Success Strategies for Mineral Exploration Companies in Australia

-Does a Boot Leather versus High Technology approach matter?

Allan Trench

 

General Manager Exploration, Gutnick Resources NL1

Associate Professor, Mineral Economics, Western Australian School of Mines2

Graduate School of Management, University of Western Australia3

Gary Stockport

Graduate School of Management, University of Western Australia4

Abstract:

A literature review of mineral exploration practice reveals both technical and strategic (organisational) approaches to the management process.

Within the technical management domain, contrasts exist between those companies employing a field-intensive, ‘boot leather’ approach, and competitors adopting an instrument-driven, ‘high technology’ focus. Neither approach is preferable – the choice being driven by the particular strengths of the firm coupled with the ore deposit model.

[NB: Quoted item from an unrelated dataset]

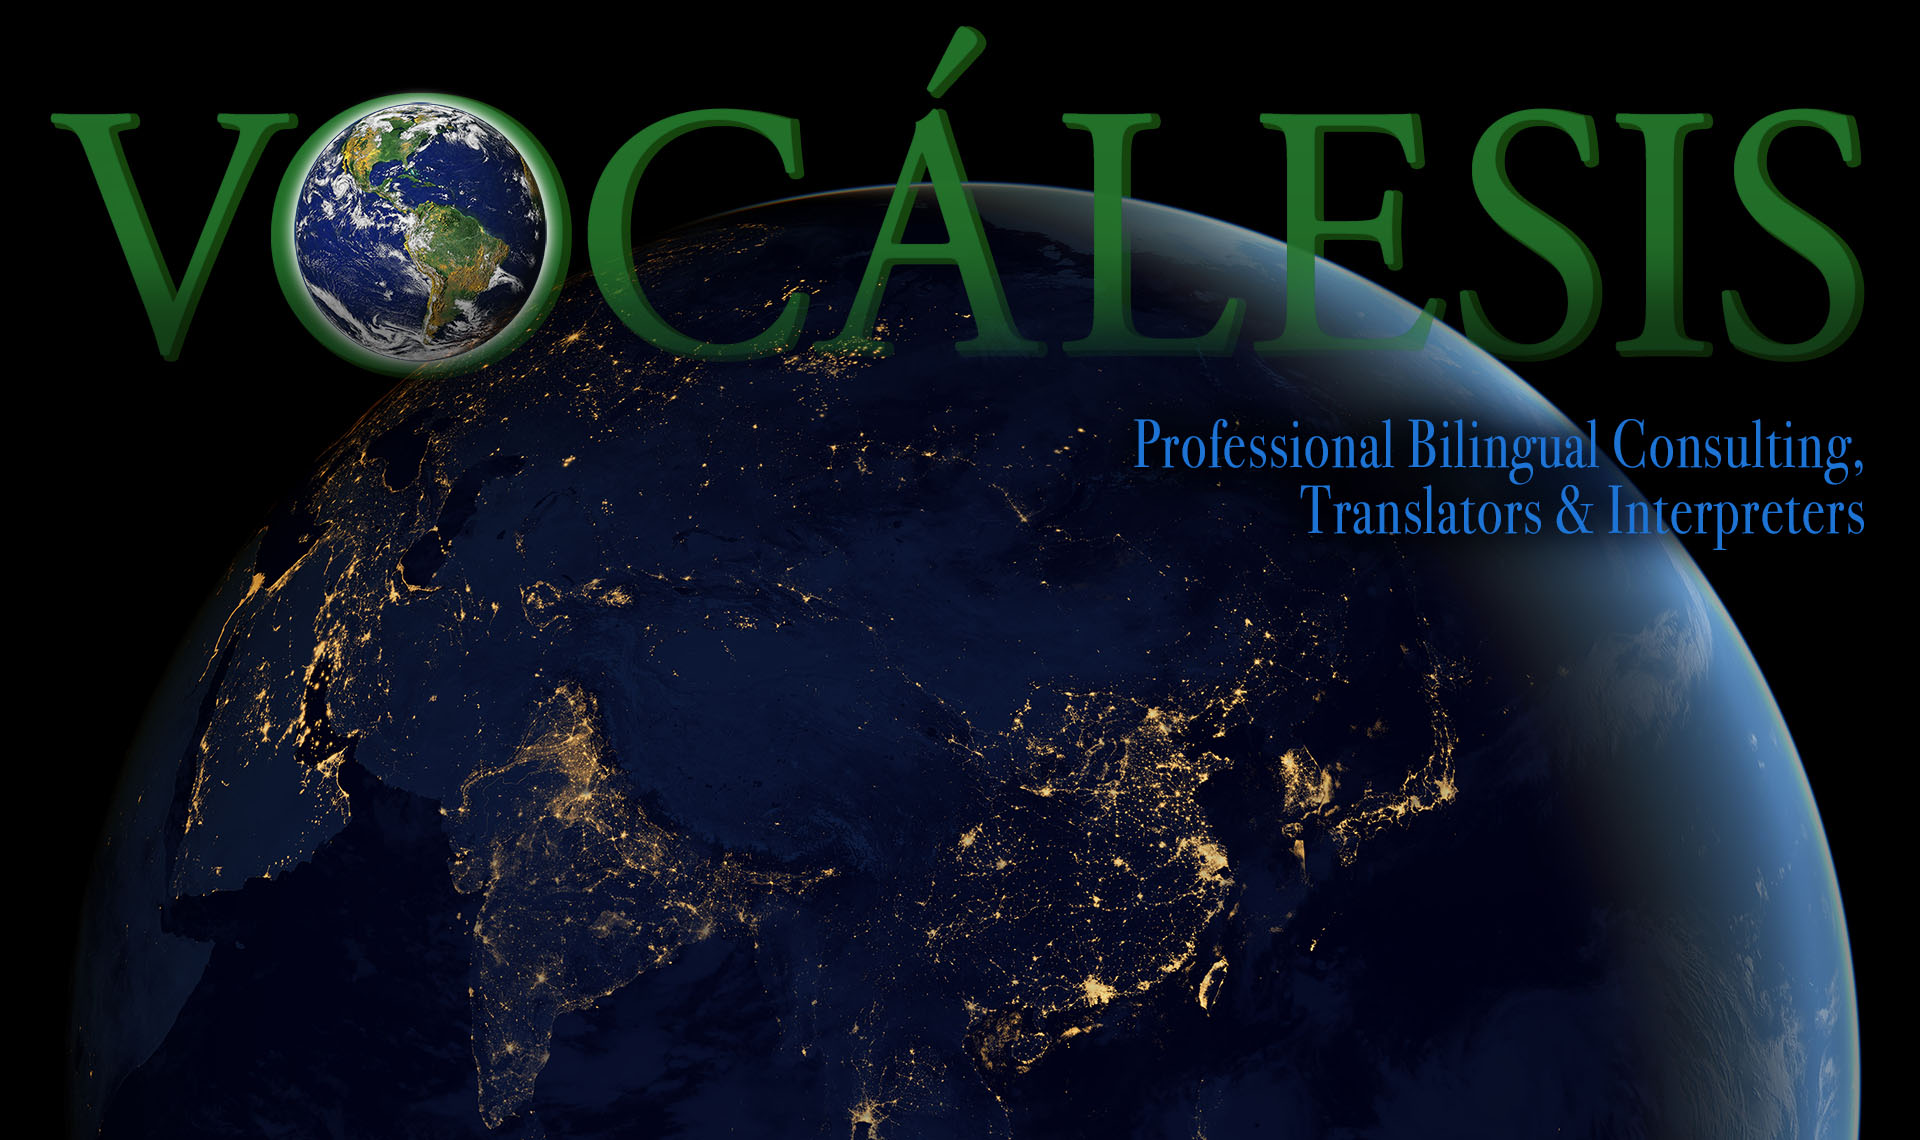 Traductores e Intérpretes Translators and Interpreters

On the strategic management of mineral exploration, a previously developed model for success proposed by McKinsey & Company is revisited and simplified. A self-test questionnaire to measure a company’s approach in relation to the McKinsey model is presented.

Summary:

This paper aims to review technical and strategic management practice as applied to mineral exploration in Australia. It seeks to clarify existing literature in the subject area and summarise the findings and approaches of previous workers.

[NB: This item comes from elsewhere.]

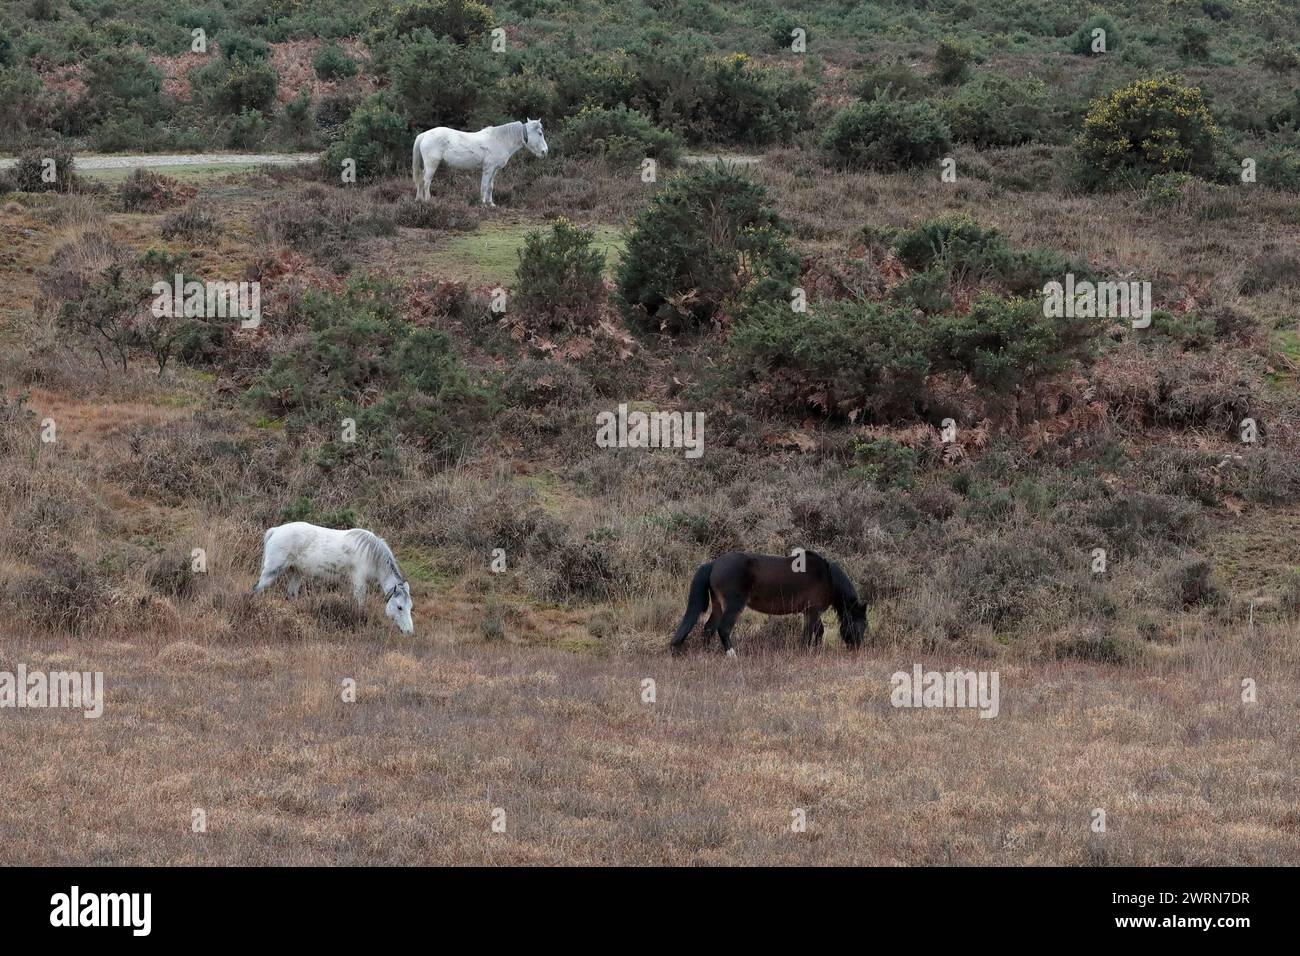 Tre pony della New Forest, due bianchi e uno marroni, che pascolano in aperta brughiera rivolta verso destra. Il paesaggio comprende erica, Gorse e un sentiero pedonale. Foto Stock

The paper proposes that the technical mineral exploration strategy that will be most successful for an organisation is that which best matches the distinctive capabilities of that organisation and its’ operating environment– There is no single recipe for a ‘high technology’ versus ‘boot leather’ approach. Likewise, there is no single recipe for ‘onshore’ versus ‘overseas’ balance in an exploration project portfolio. Companies adept at ‘high technology’ exploration should, and no doubt will, emphasize that point in their technical approach. Likewise, companies skilled in ‘overseas’ versus ‘onshore’ operation are more likely to bias their exploration efforts towards ‘overseas’ locations.

On the separate question of successful strategic management of mineral exploration – taken here to mean organising for success – there is evidence that a generic solution may indeed exist. In the absence of significant recent advances, the conclusions drawn in a 1975 McKinsey study of Australian exploration practice may provide clues to an optimum management formula (. That is, a management approach encompassing strong board leadership and excellent management style should prevail. Critical appraisal of the McKinsey study reveals that board leadership is defined across four separate attributes and excellent management-style across a further ten.

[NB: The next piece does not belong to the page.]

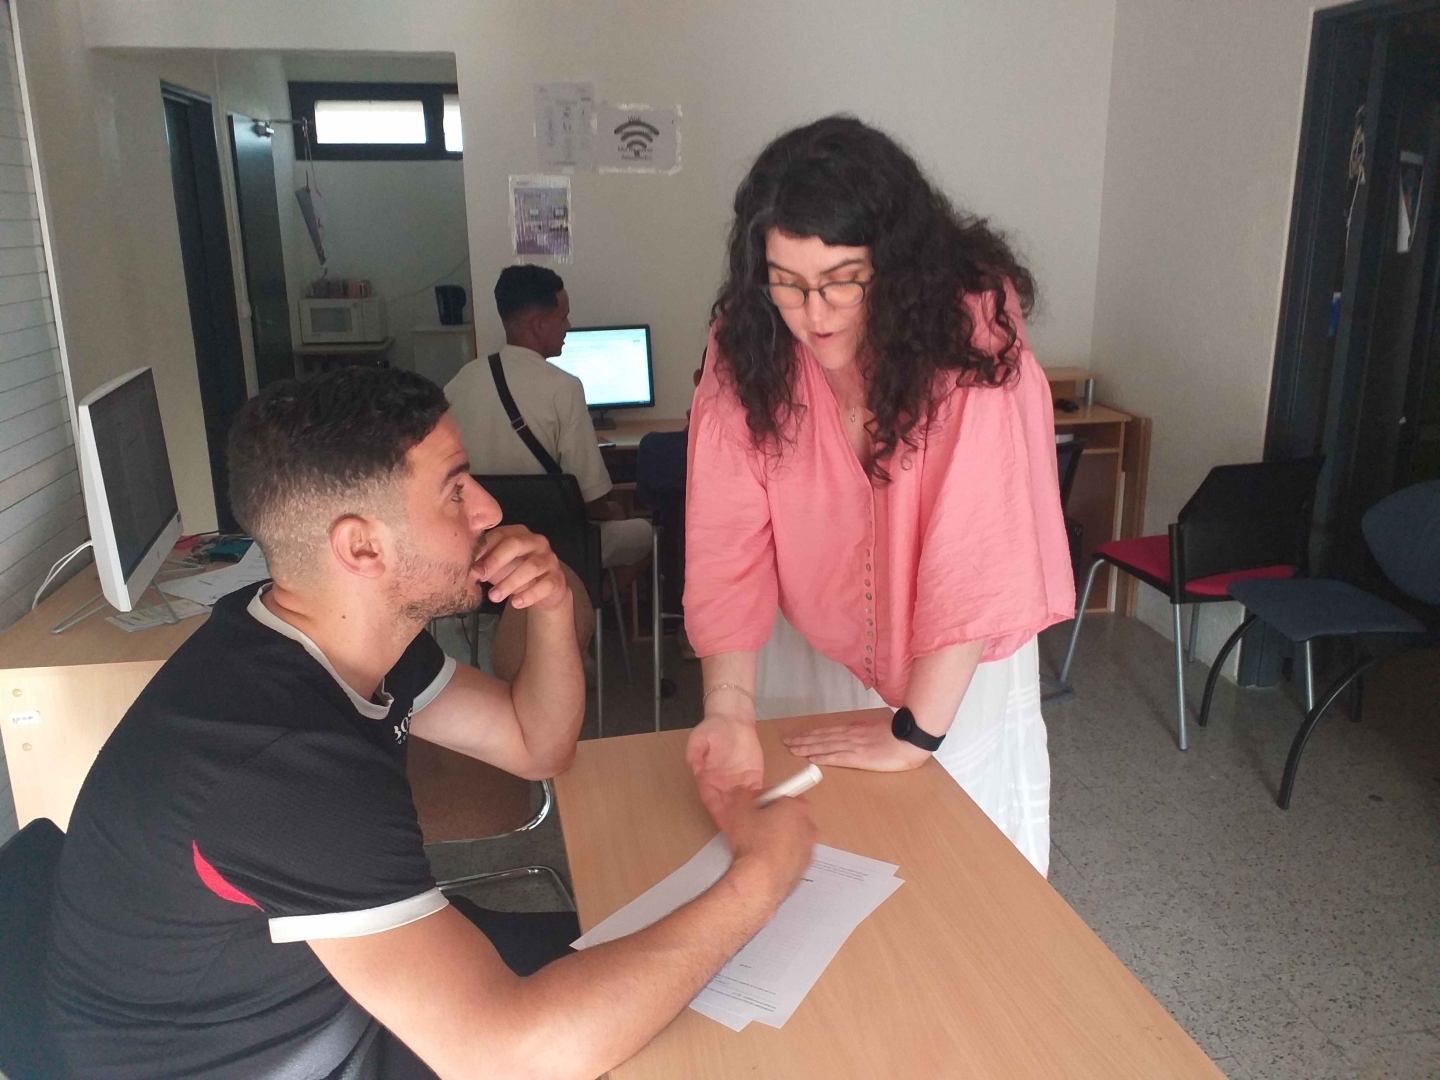 Gharib révise son examen avec l'aide de Margaux Tornaré, de l'association AVEC.

The contention of this paper is that companies scoring fourteen out of fourteen on the McKinsey scale of attributes should discover more ore deposits than companies rating a lower score. It is unlikely that a company needs to perfectly ‘fit’ the McKinsey attributes (i.e. rate a perfect score of strong performance across all fourteen measures) to achieve exploration success. Nevertheless, a high rating on these measures is likely to provide a leading indicator of future success.

Further work is required to update the McKinsey study and to establish a more thorough understanding of successful management practice in this important field.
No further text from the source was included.